### Exercise directions
A full, word-for-word copy of the listing below is needed; leave the images out of it.

### Given material
::::::::::
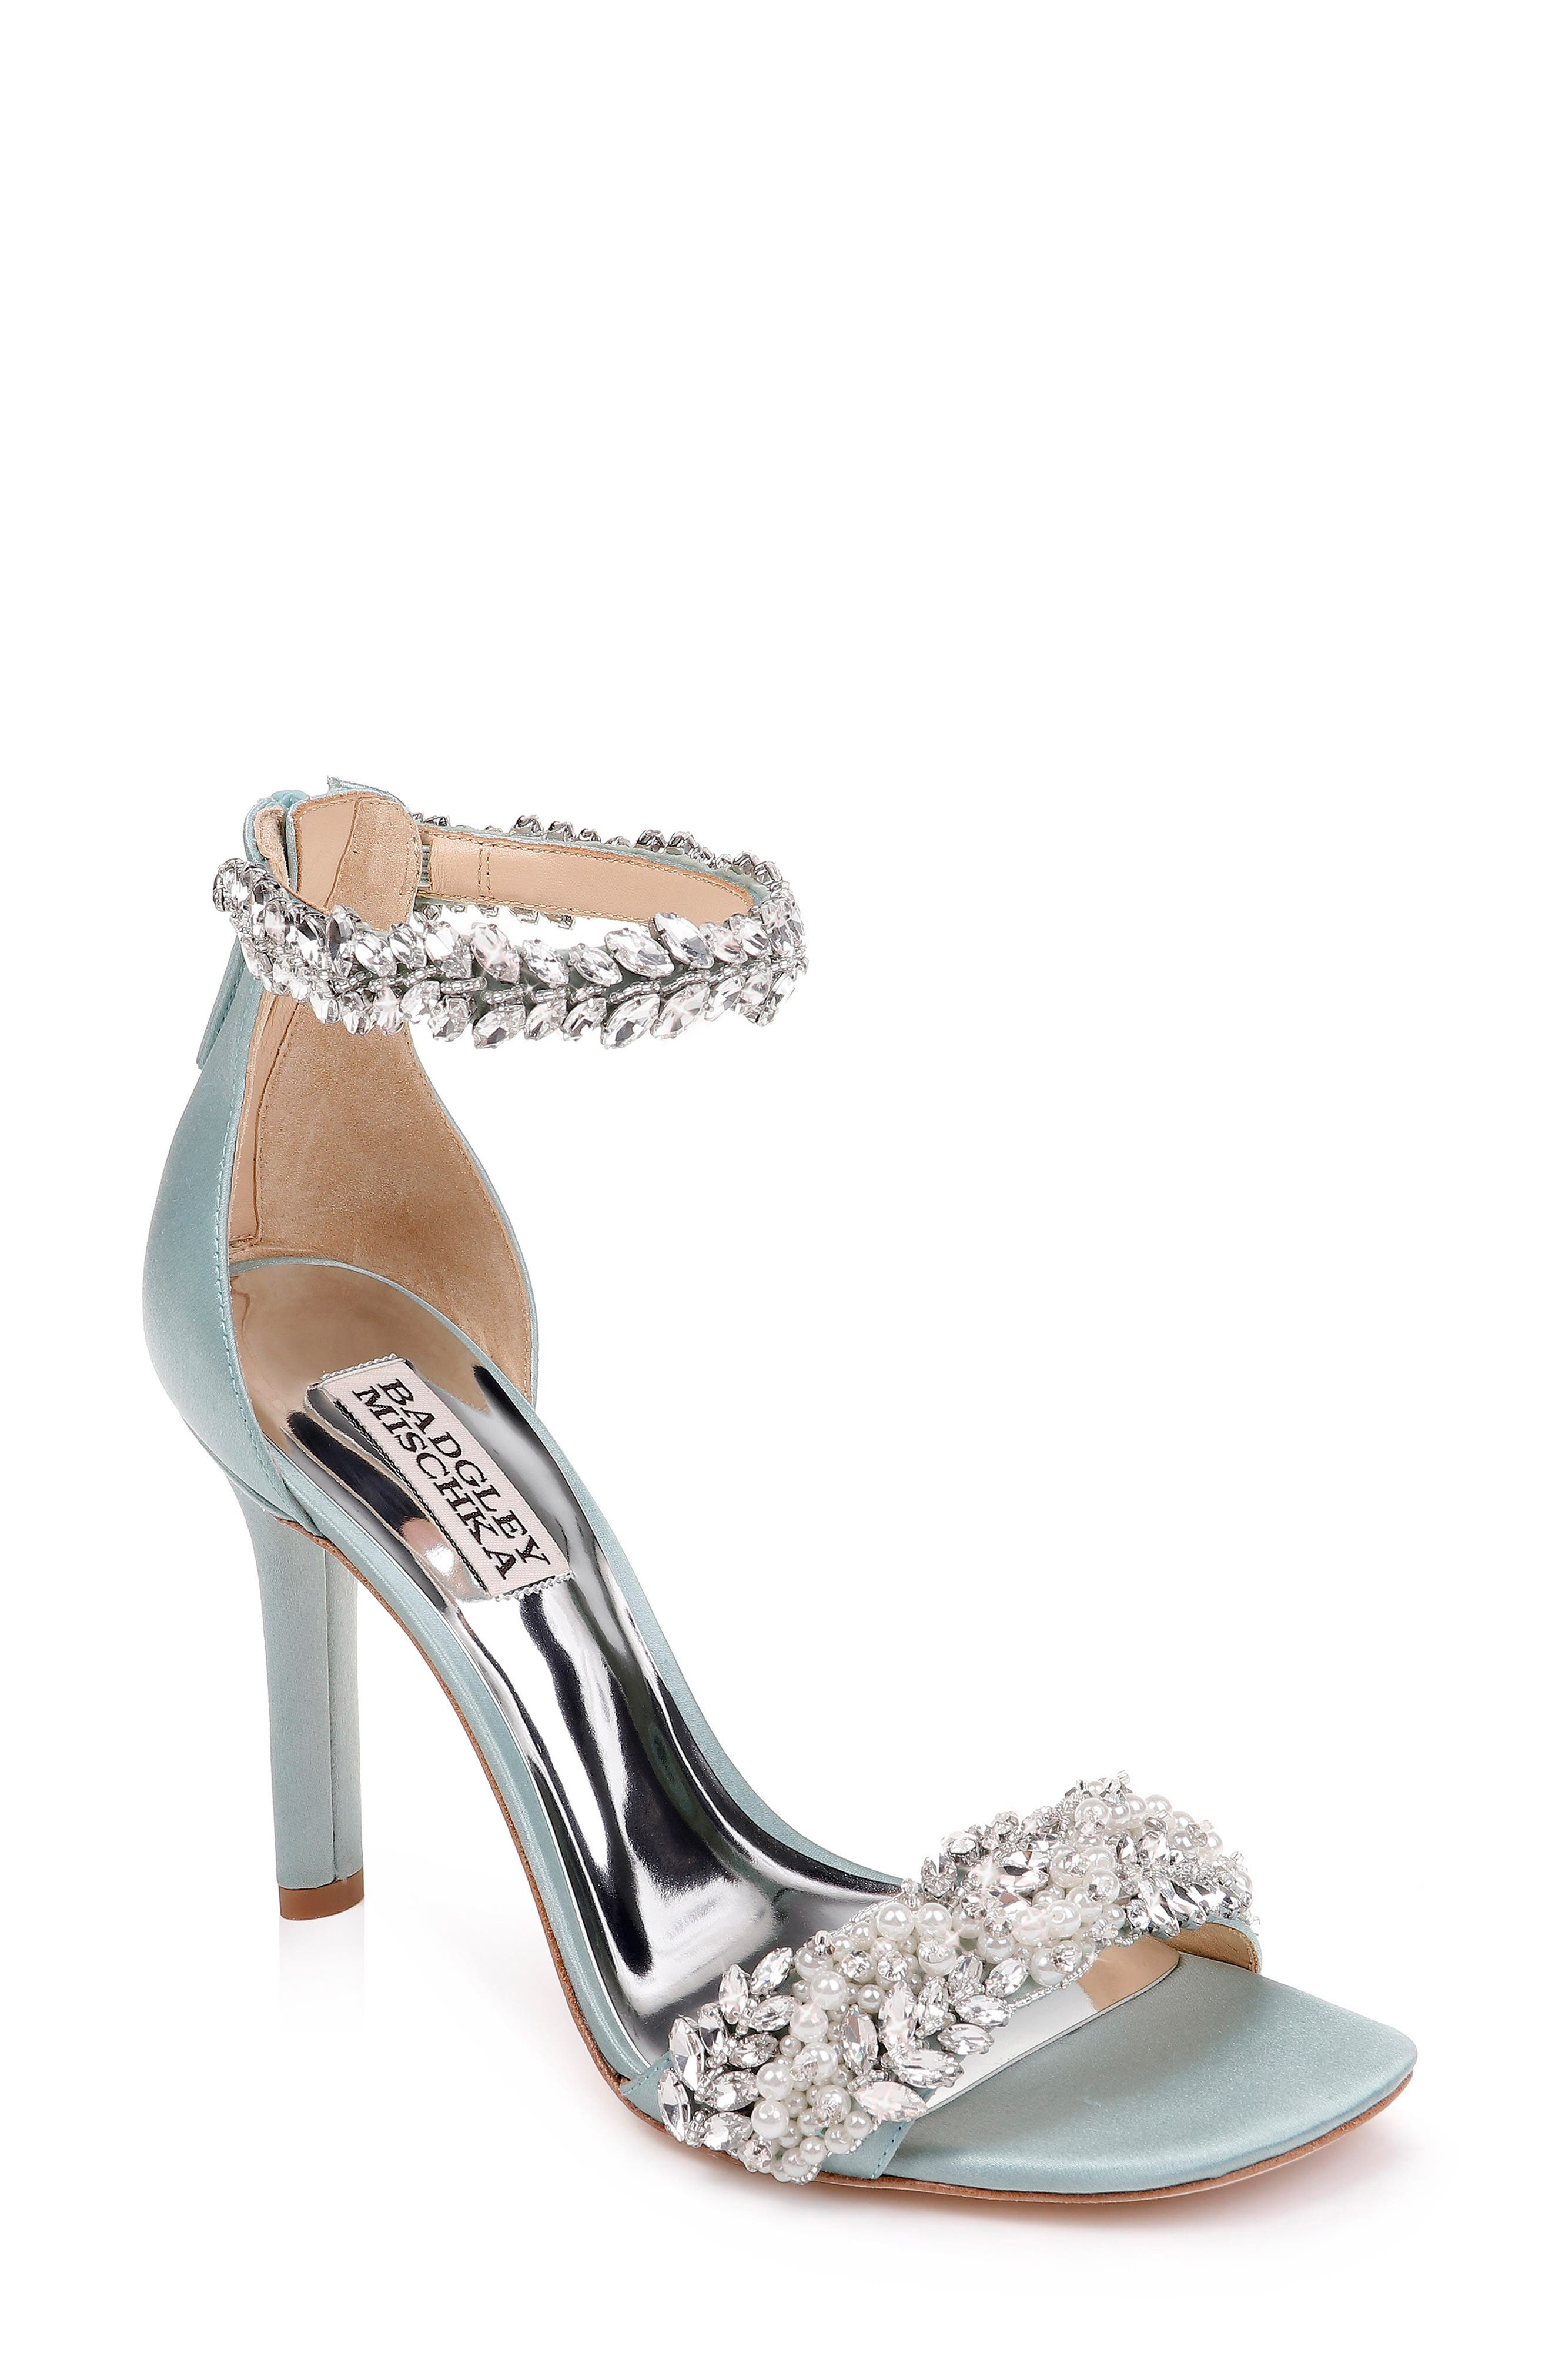 e6b2e59da Badgley Mischka Fiorenza Crystal   Imitation Pearl Embellished Sandal
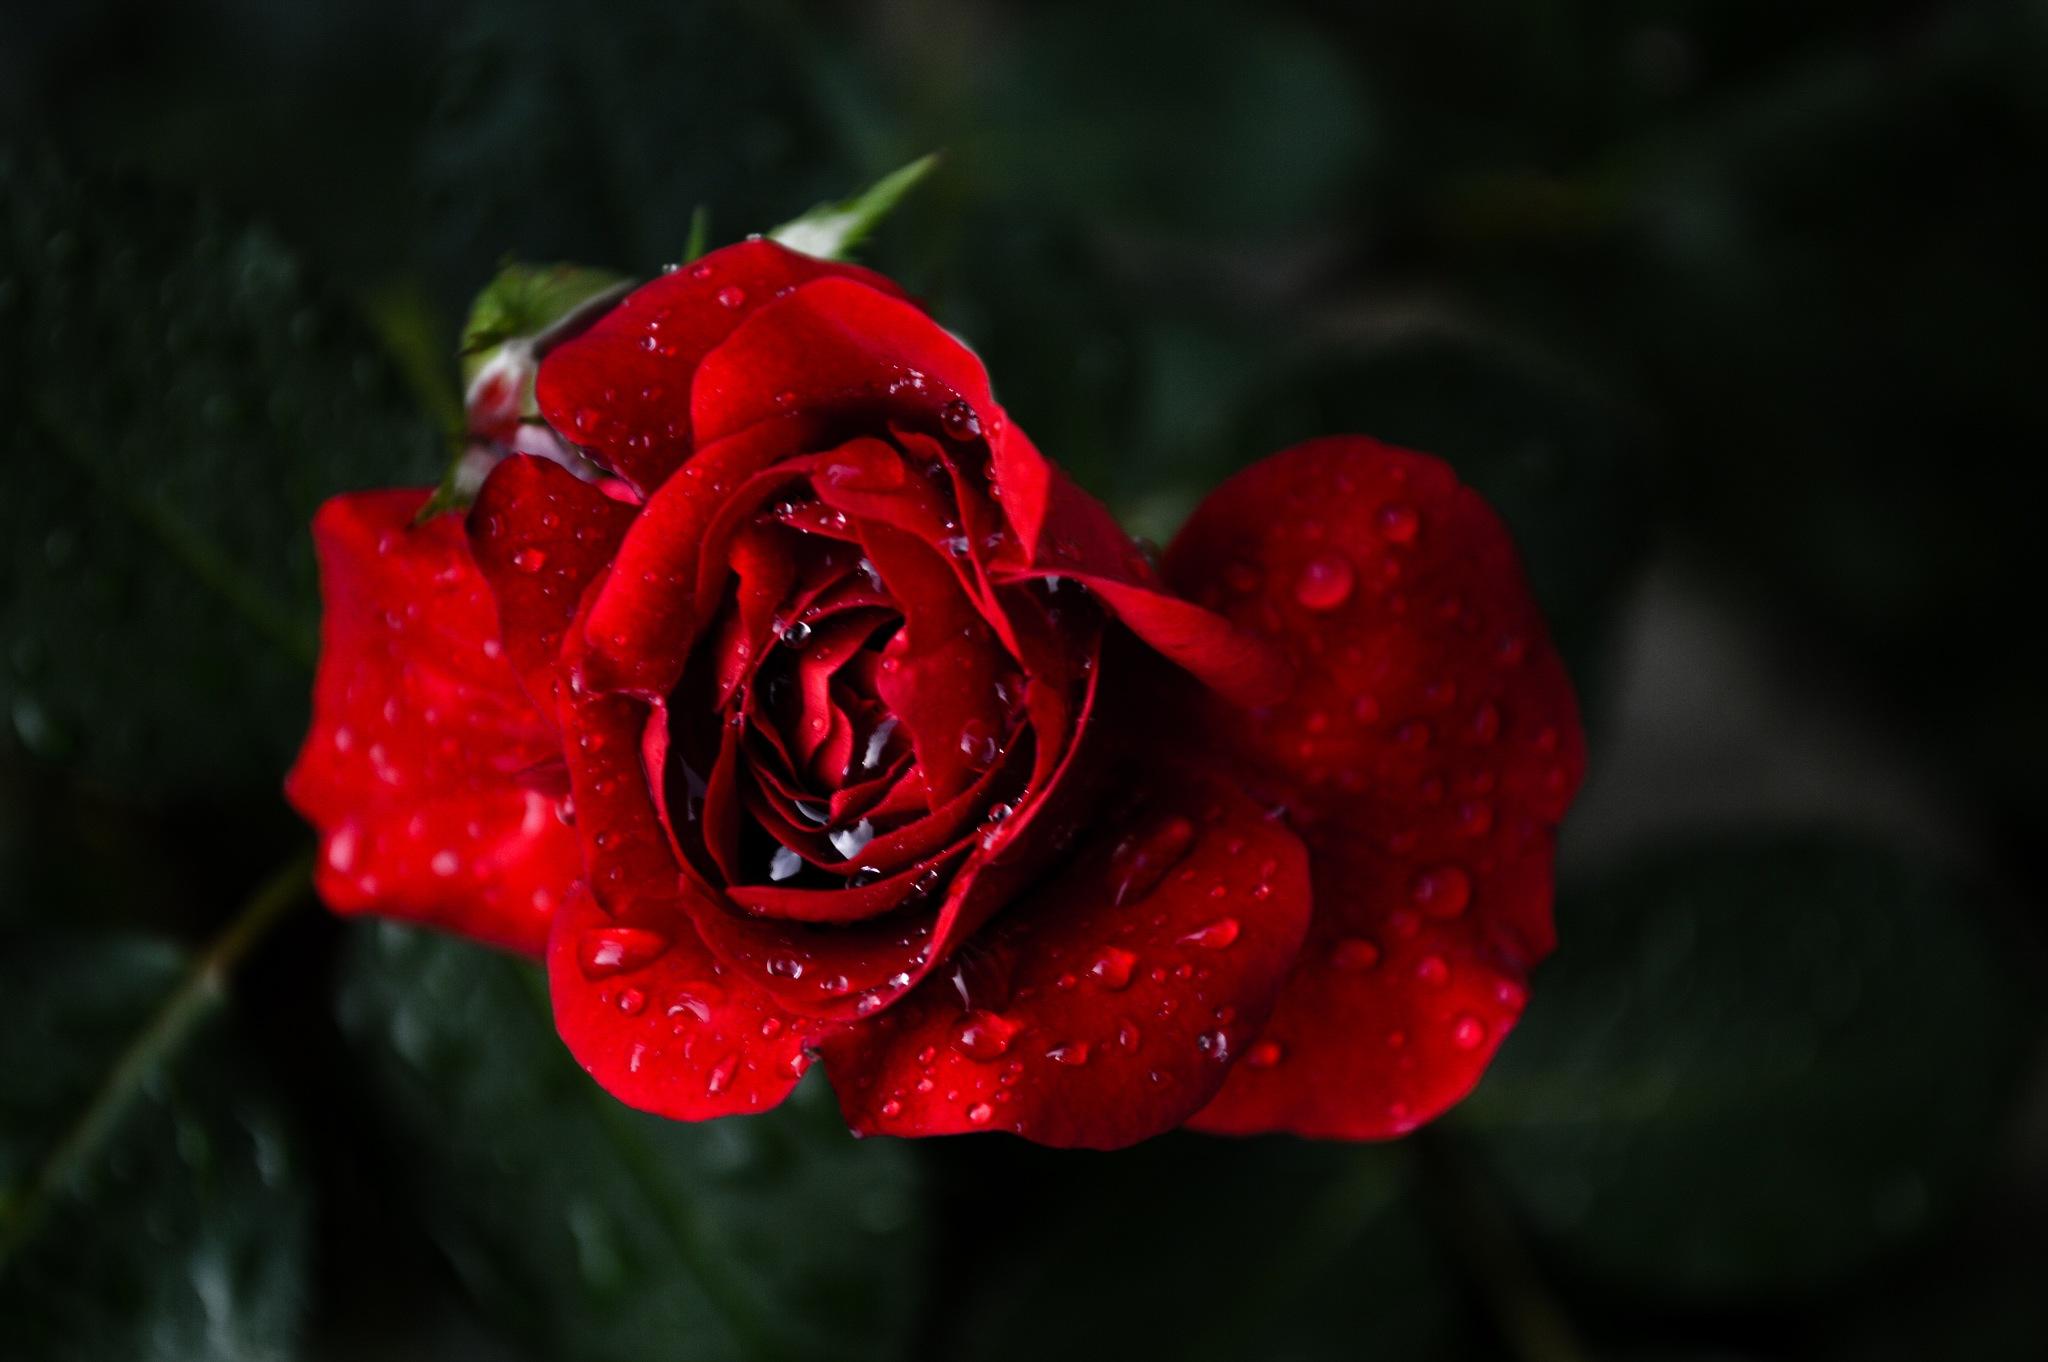 Red rose by Iulian Bud
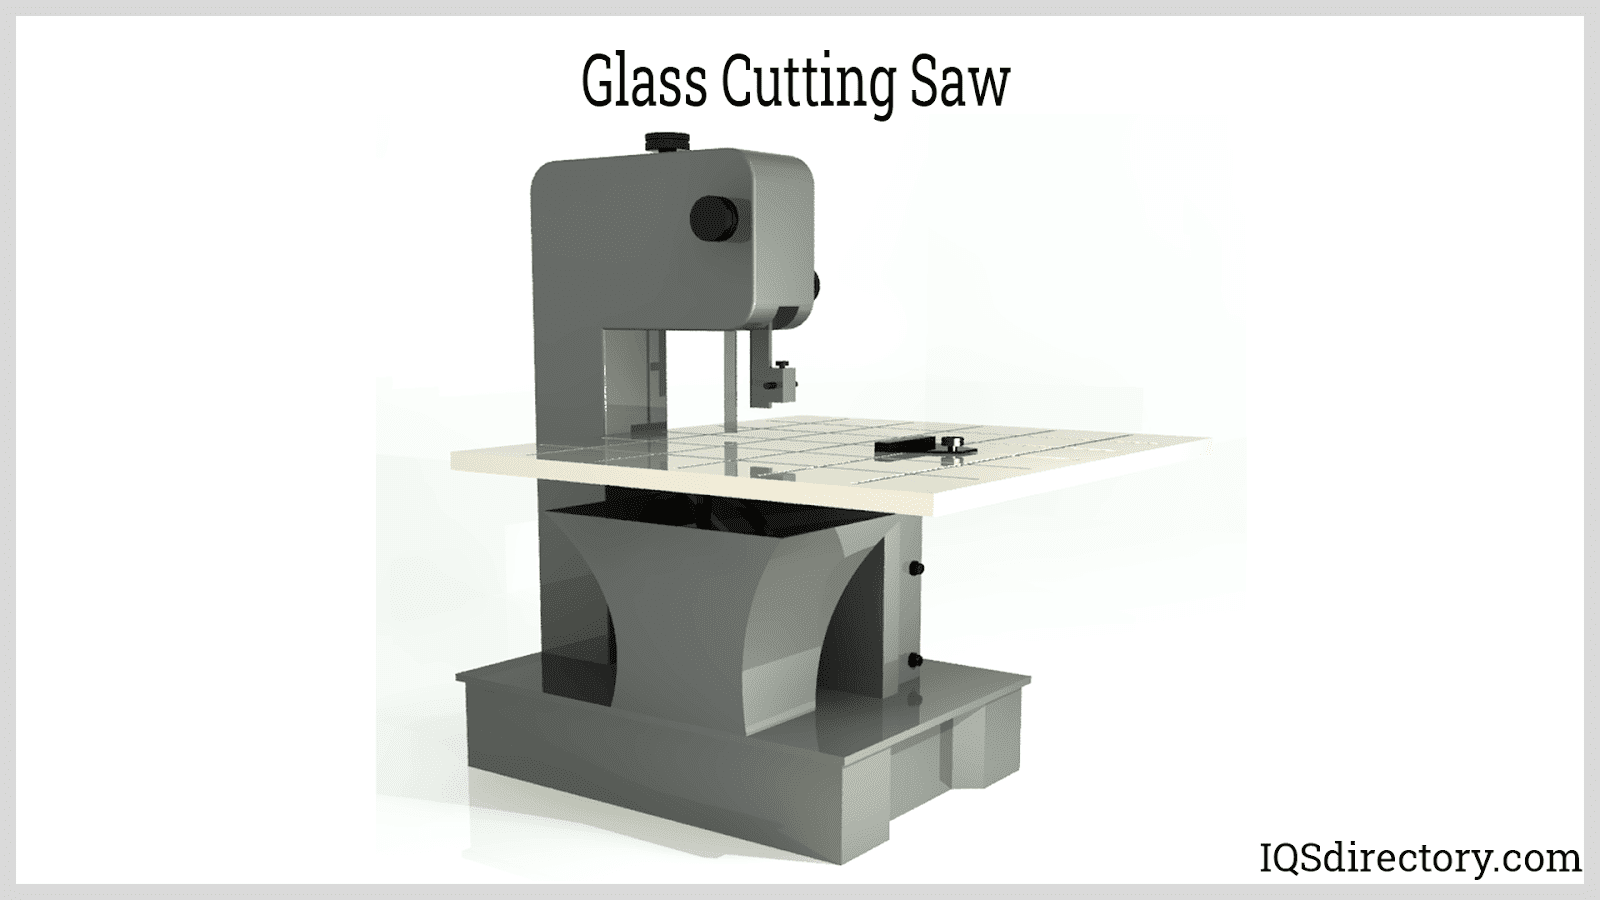 Glass Cutting Saw
::::::::::
### Answer section
 e6b2e59da Badgley Mischka Fiorenza Crystal   Imitation Pearl Embellished Sandal
 Red rose by Iulian Bud
 Glass Cutting Saw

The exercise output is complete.